Because data root should be what you set in the top of the script. Try deleting that json and running the script again. Something is very weird with your system there.

Also, this is not all the images you should have in apt.

no, sorry, i was speaking specifically to what i’m seeing in portainer as the “root directory”.

I navigated to /mnt/OPS/Docker, and ran docker compose up -d from that location. Despite that, the “root directory” listed in portainer remained /var/lib/docker instead of /mnt/OPS/Docker (which is the case on my old configuration). The location at the top of the script remains docker_dataset="/mnt/OPS/Docker" in the script in both cases.

I can simply try to delete my entire non-working EE partition and update trains again from Cobia to try to clean things up if we think that would work.

I was able to delete my EE boot partition and upgrade lineraly from Cobia → DF → EE and get this working as expected. Once EE booted, i simply had to manually run systemctl start docker and then navigate to the appropriate /path/to/Docker folder and run docker compose up -d.

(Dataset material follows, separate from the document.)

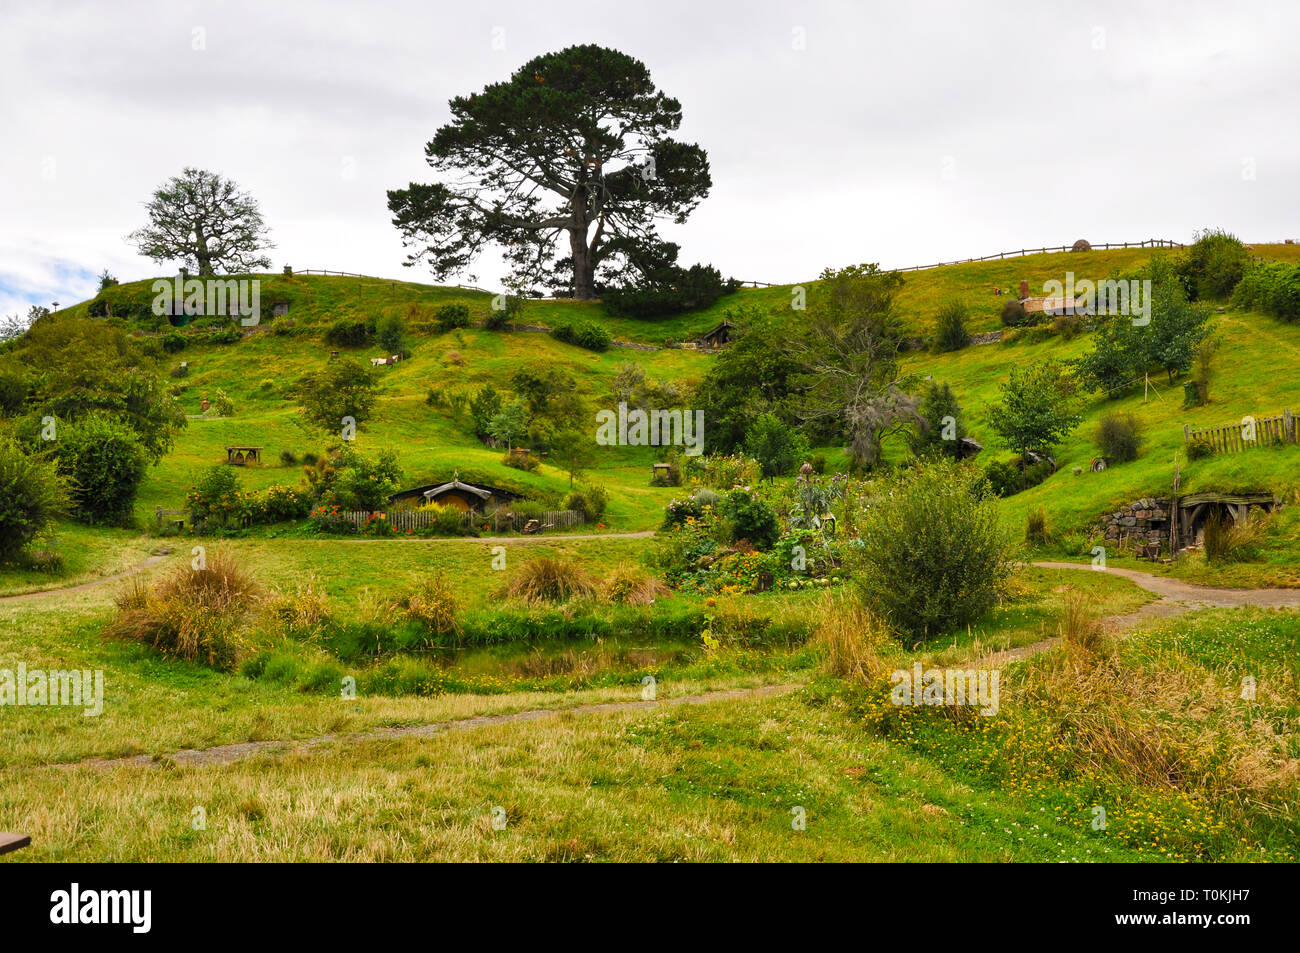 Hobbiton Movie set - Location per il Signore degli Anelli e Lo Hobbit film. Foro di Hobbit porte. Attrazione turistica nella regione di Waikato in Nuova Zelanda Foto Stock

The only remaining issue is that Docker does not start on EE boot and i must manually run systemctl start docker at each reboot. I’m working to find a resolution

Did you make sure the script is running in post init now? Because that should take care of that.

Yes, docker actually does start at boot due to running the script post init; however, the containers are not present until running a systemctl restart docker command. All containers are set to restart: unless stopped

that is weird. then just add that command at the end of the script and you should be fine.